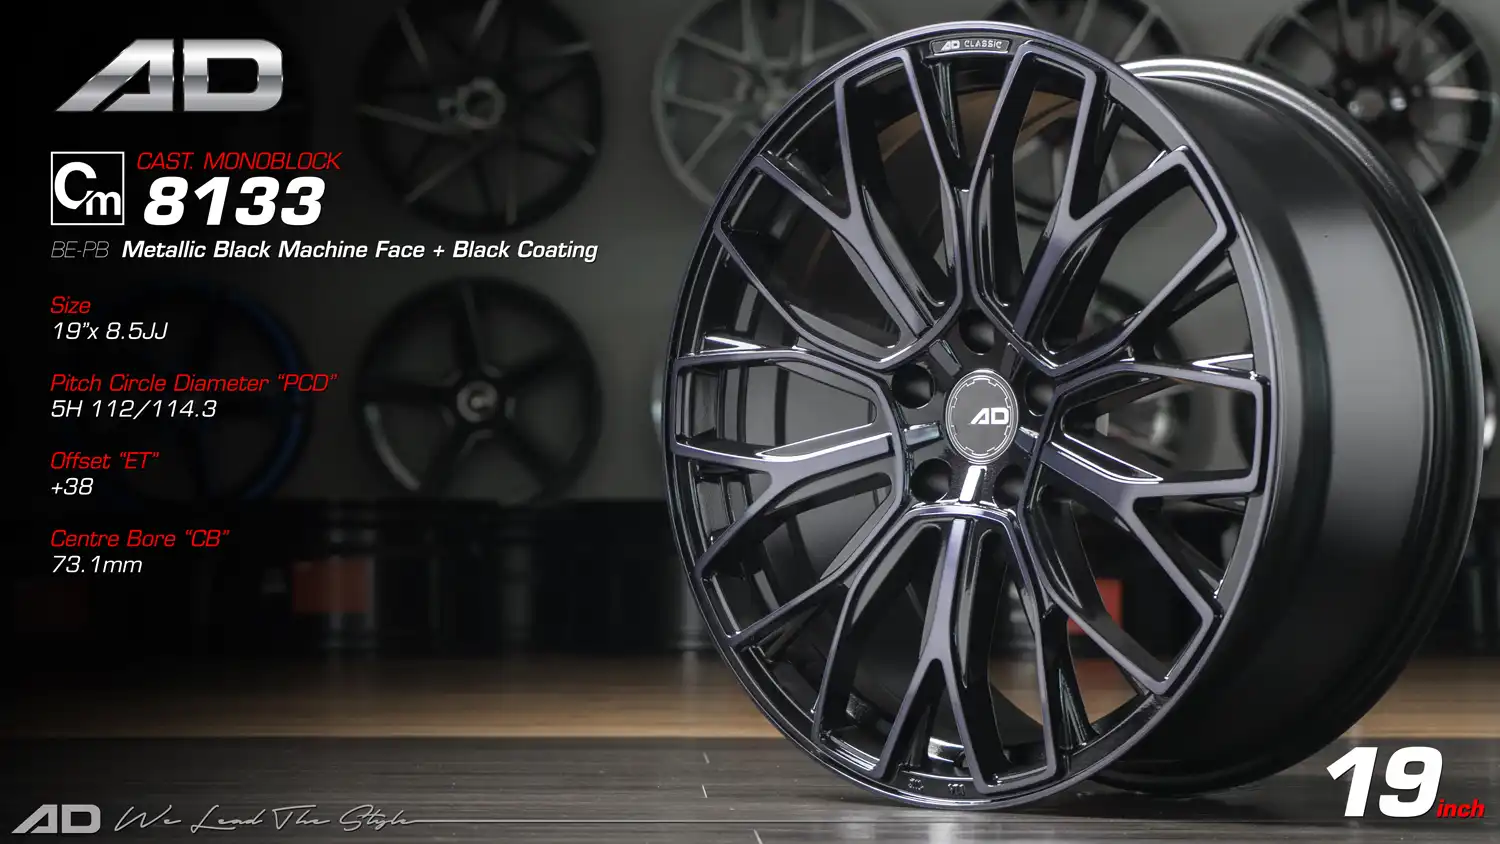 Ad wheels | Cast Monoblock 8133 19 inch 5H112/114.3
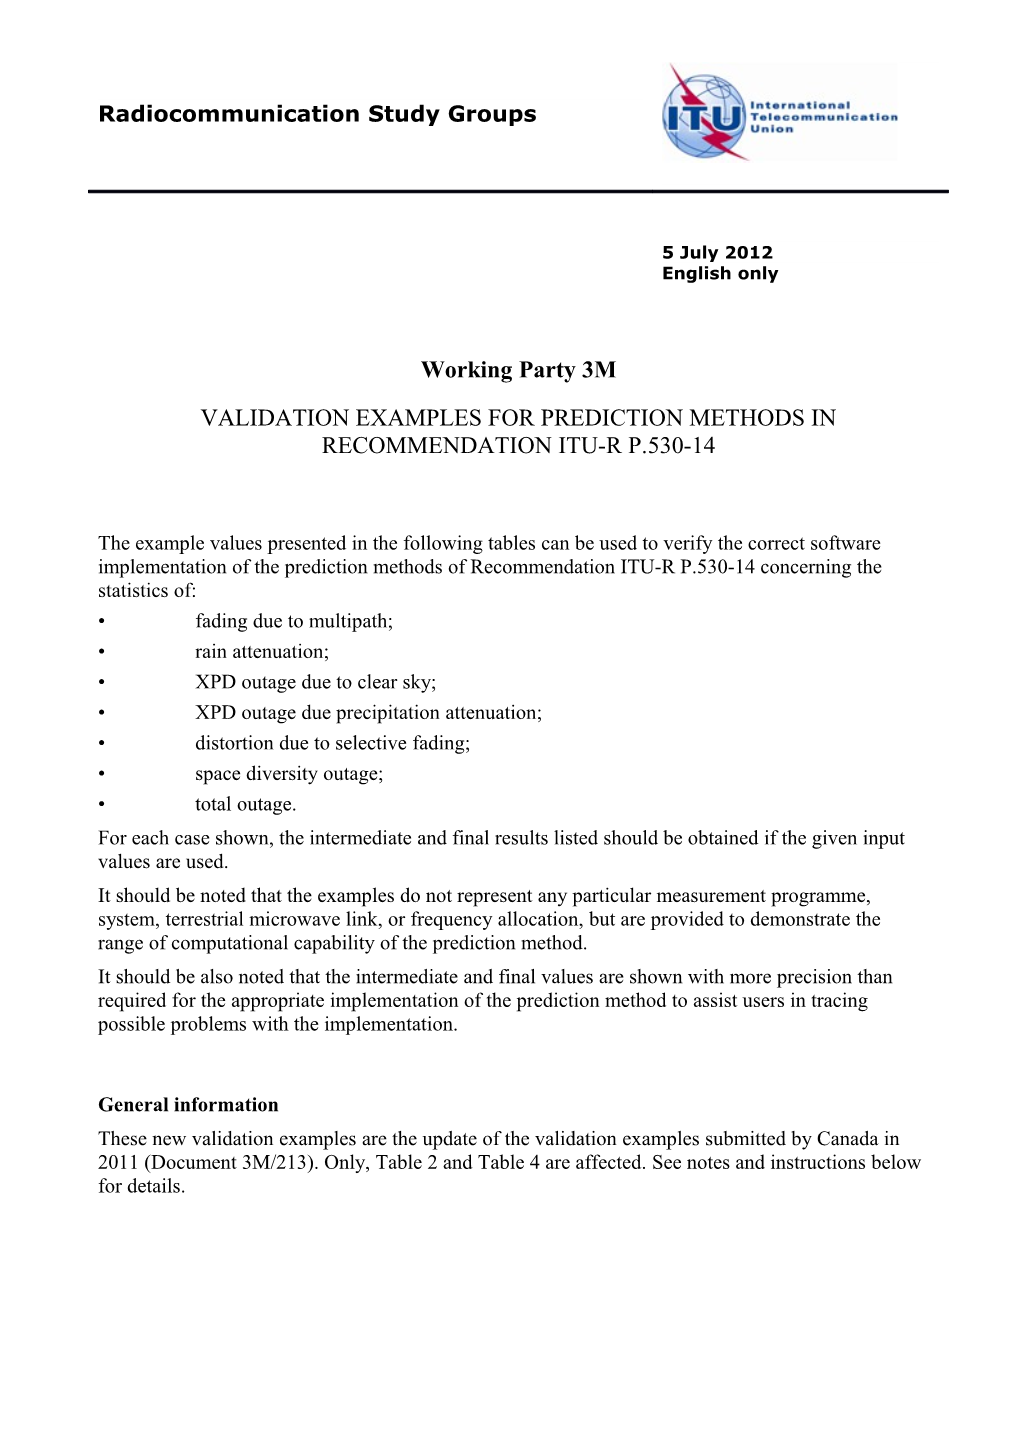 Validation Examples for Rec. ITU-R P.530
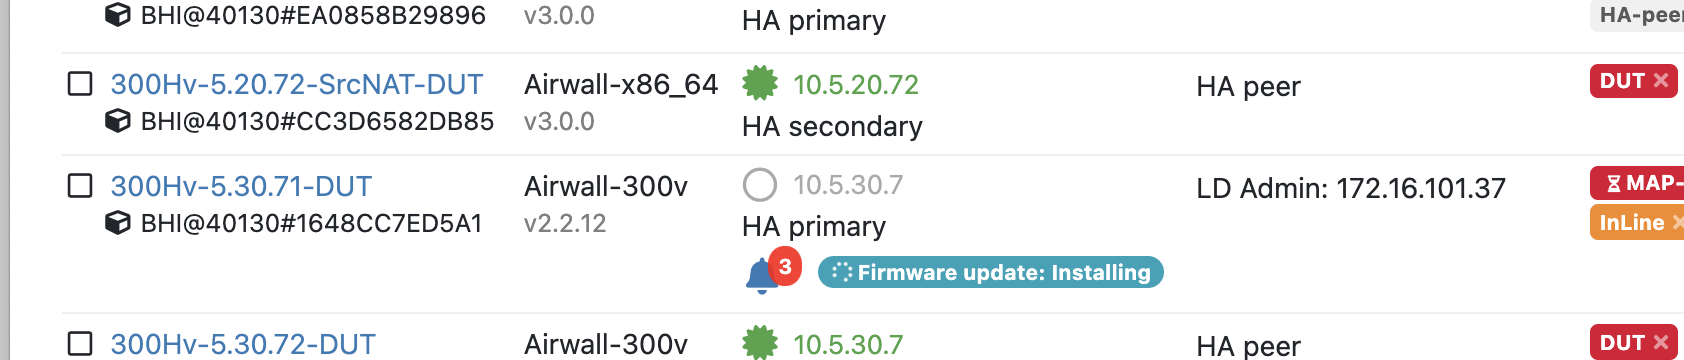 Airwalls page showing a firmware update in progress
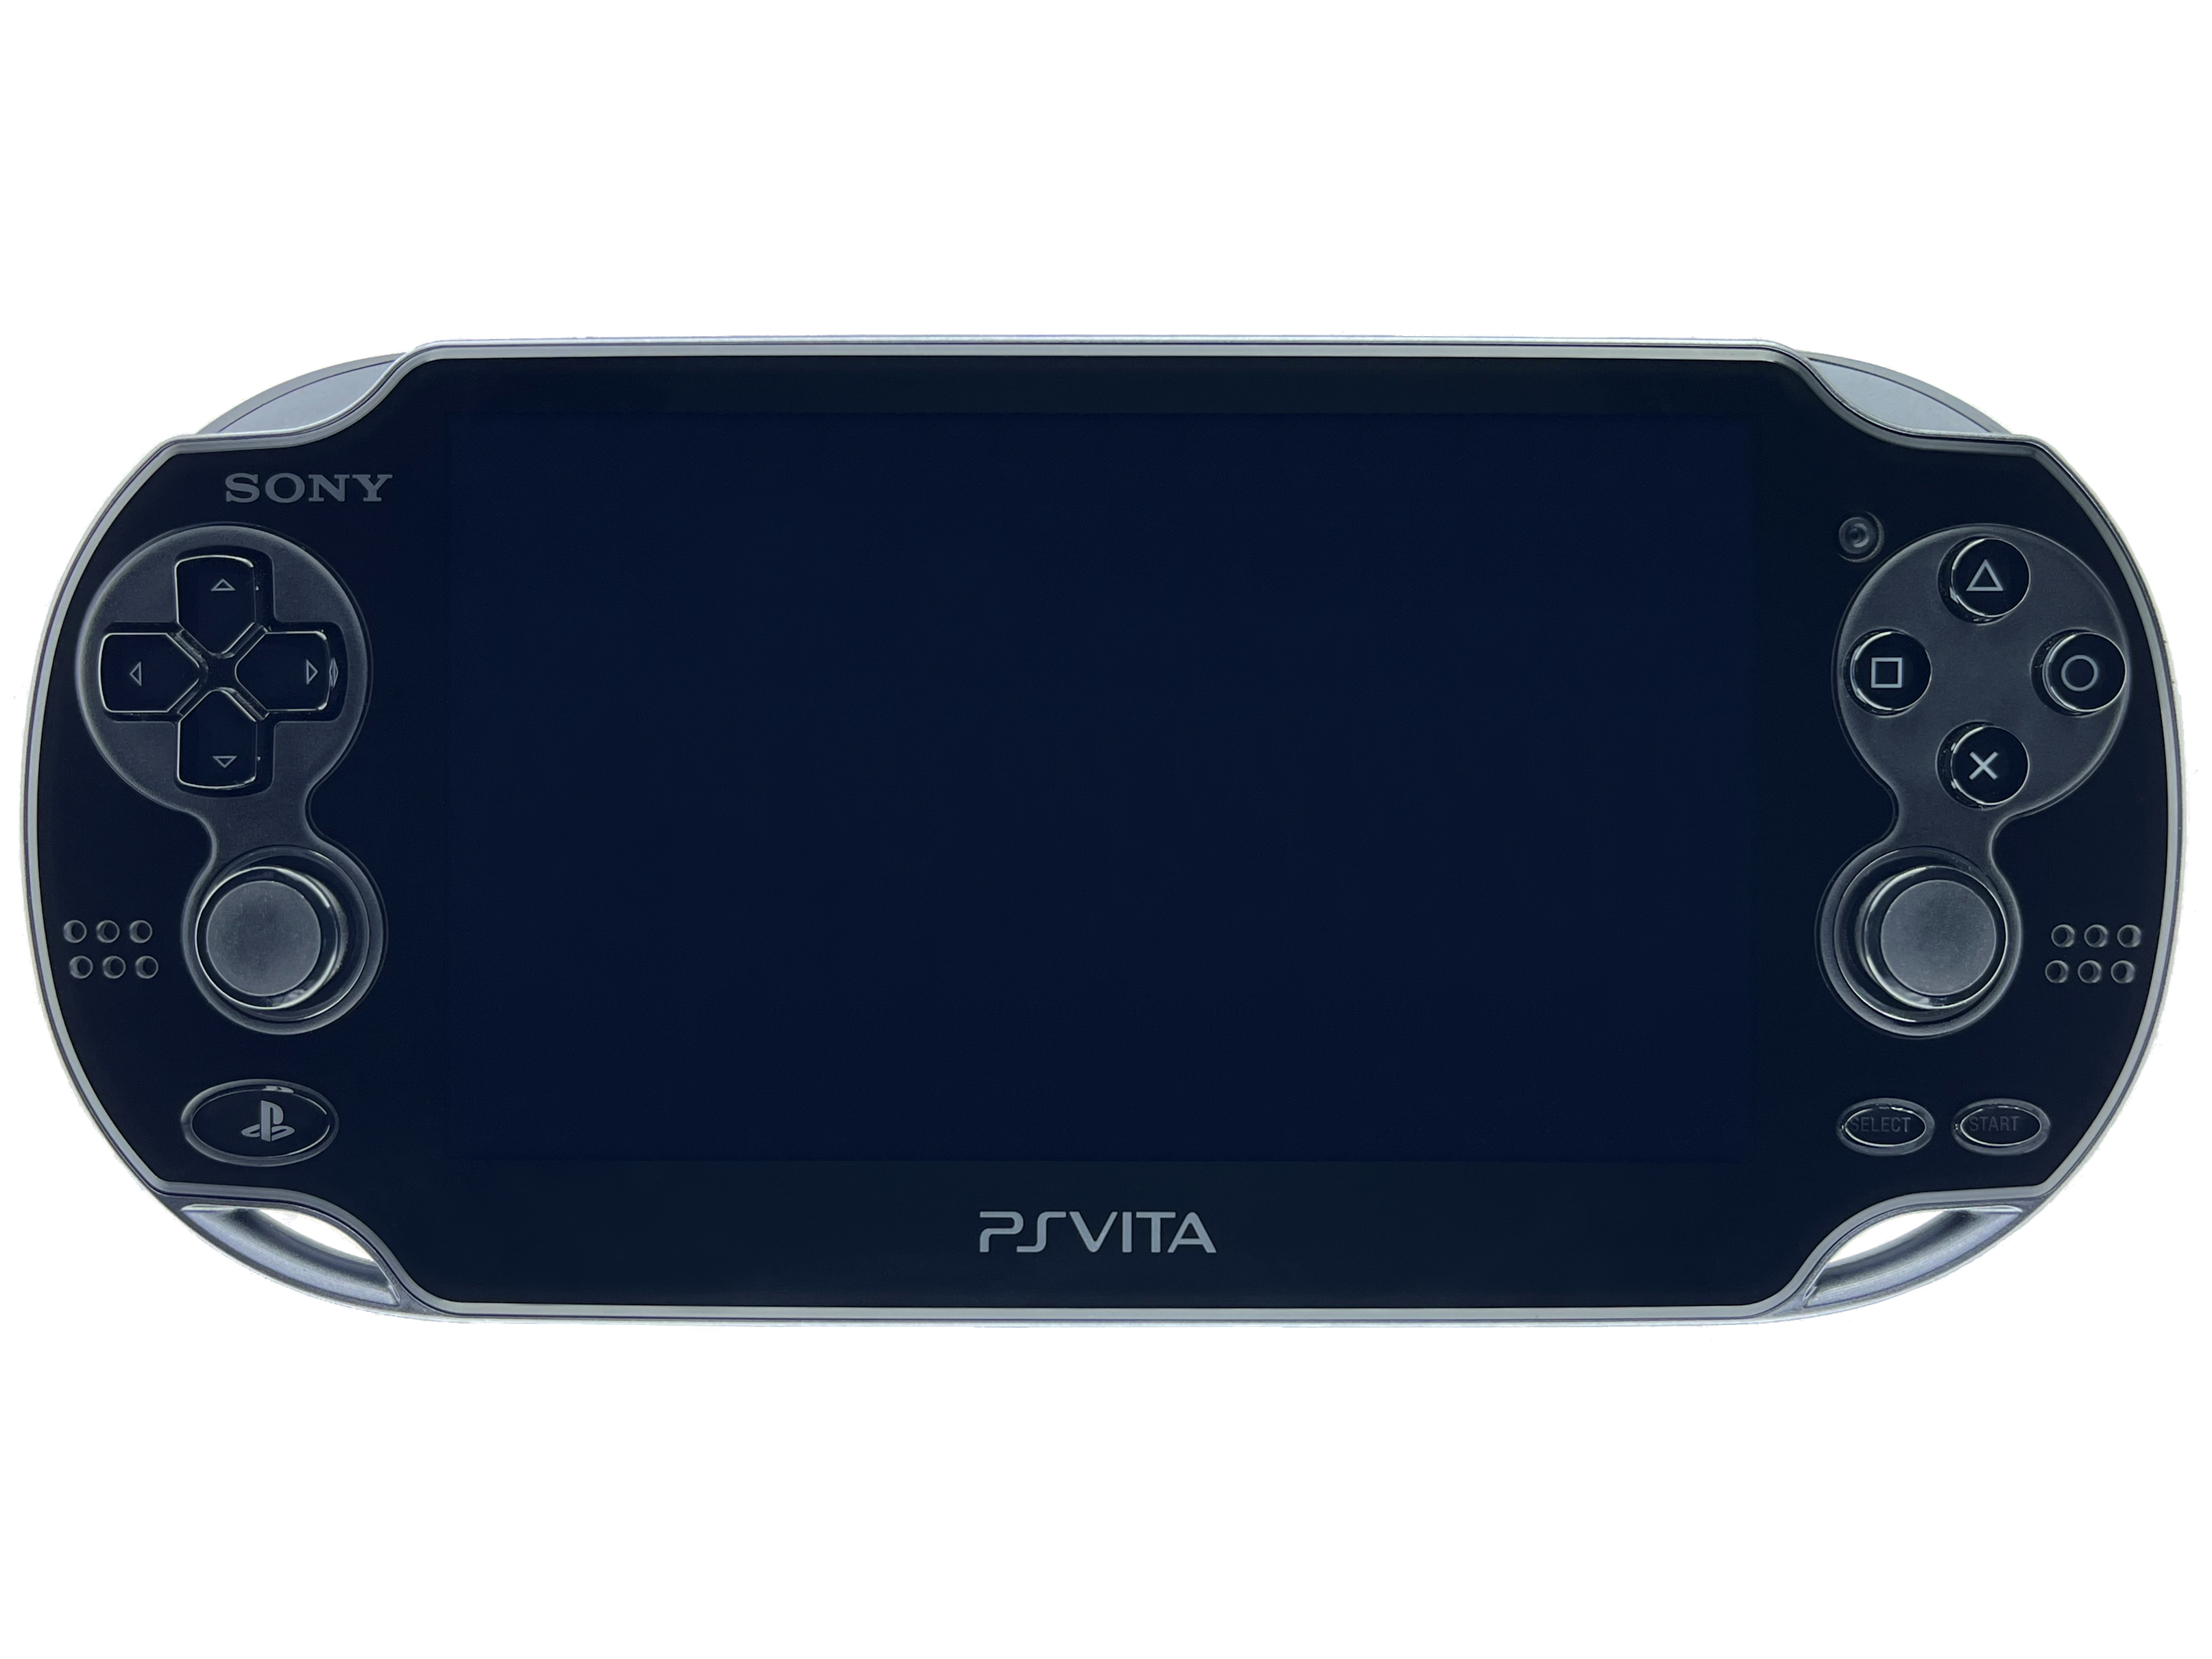  Sony PS Vita CEM-3000NP1 Prototype Console

※ ※ ※

[Work item]
Word for word, retype the lines from the one with "Airwalls page showing" through the final line of the data, both included. No pictures belong in the copy.

[Task result]
 Airwalls page showing a firmware update in progress
  Sony PS Vita CEM-3000NP1 Prototype Console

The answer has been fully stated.